Donna ferita nella strage, il marito ferito sui social sottoscrive le parole di Mezzetti contro il fratello

Ieri sui social il marito ferito della donna ricoverata al Maggiore, nonchè cognato di Giovanni Esposito, ha sottoscritto le parole del sindaco


3 minuti di lettura

Da una parte la verità di Giovanni Esposito, fratello di una delle vittime della strage dello scorso 16 maggio a Modena, quando l’auto guidata da Salim El Koudri travolse otto persone in centro a Modena. Secondo Esposito le istituzioni, e il sindaco di Modena in particolare, hanno abbandonato la sua famiglia e nessuno avrebbe contattato i parenti della vittima.

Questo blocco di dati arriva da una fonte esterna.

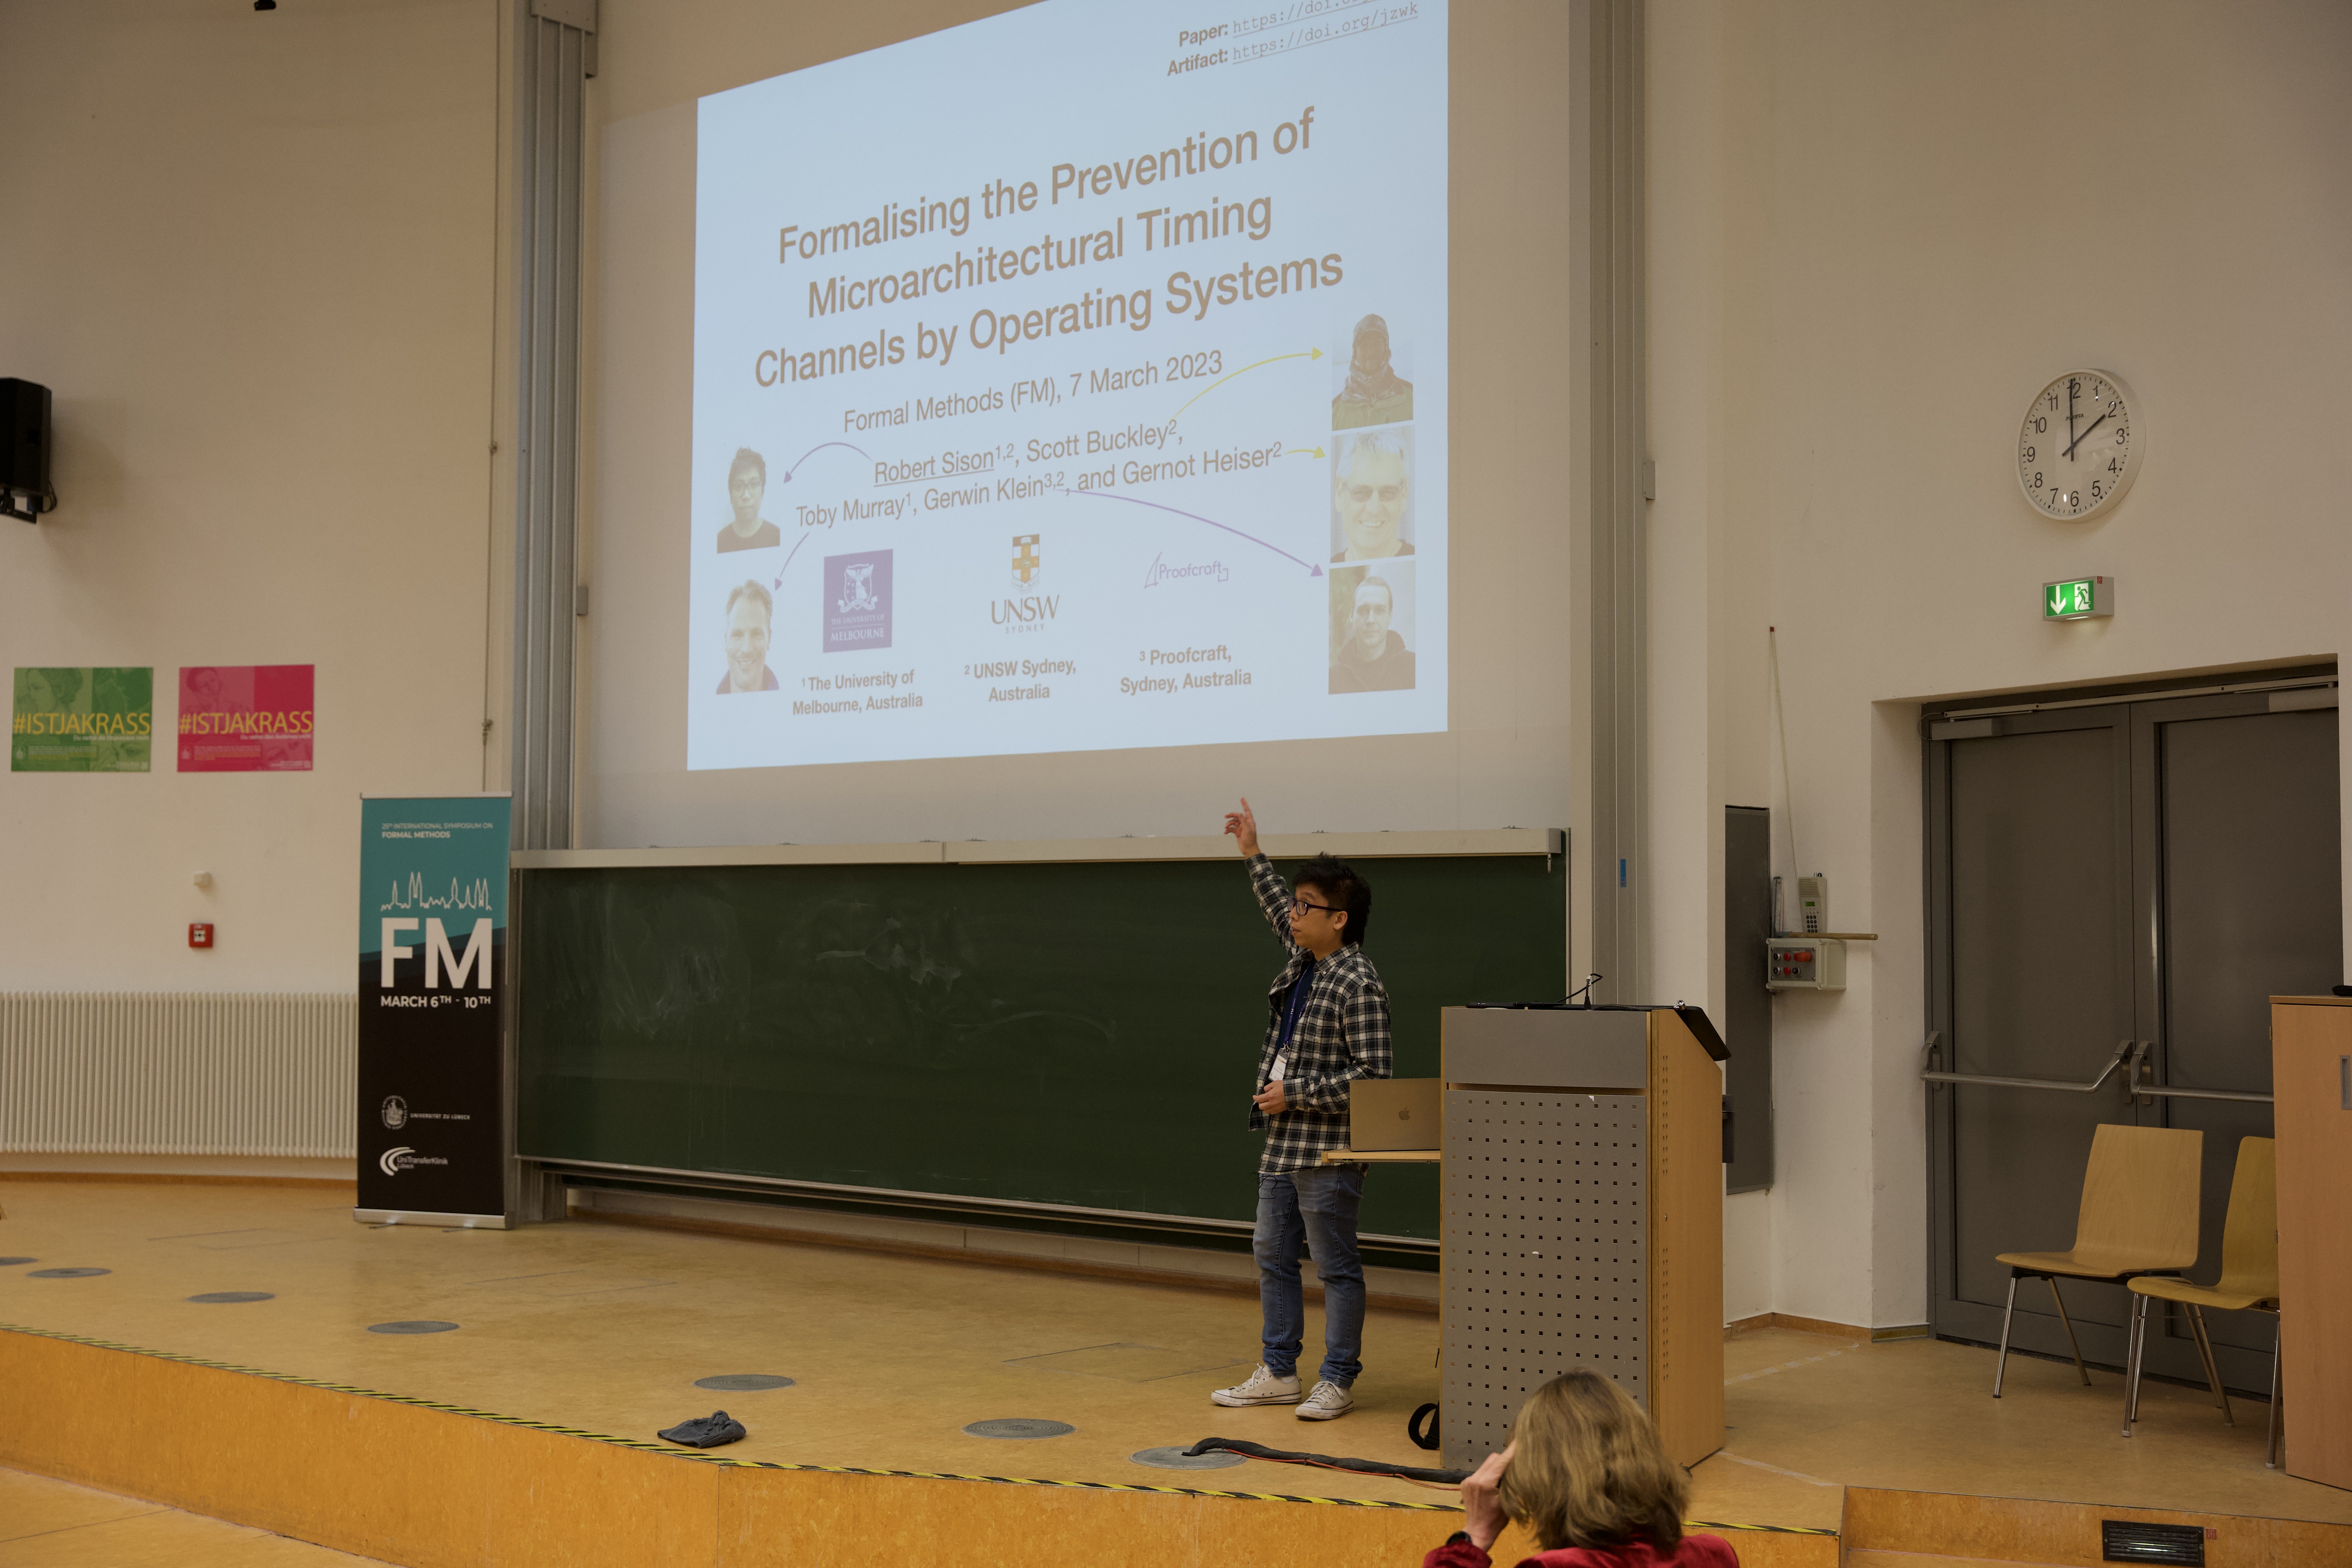 Rob Sison at the International Symposium on Formal Methods in Germany, March 2023

Dall'altra la verità del sindaco di Modena, Massimo Mezzetti che in Consiglio comunale ha dato una versione completamente diversa affermando di essere in costante contatto con la figlia della vittima e accusando Esposito di fare un uso strumentale del proprio dolore.

La dichiarazione

'Per quanto riguarda le persone ricoverate all'ospedale Maggiore di Bologna, una coppia formata da marito e moglie, posso dire che l'uomo è fuori pericolo, anche se ricoverato in altro reparto mentre la donna è ancora in terapia intensiva - ha detto testualmente Mezzetti come dato conto da La Pressa -. La famiglia come da richiesta di una delle figlie con cui sono in contatto, intende mantenere il massimo riserbo sulle condizioni dei genitori e anche per questo motivo non aggiungerò altre informazioni in merito.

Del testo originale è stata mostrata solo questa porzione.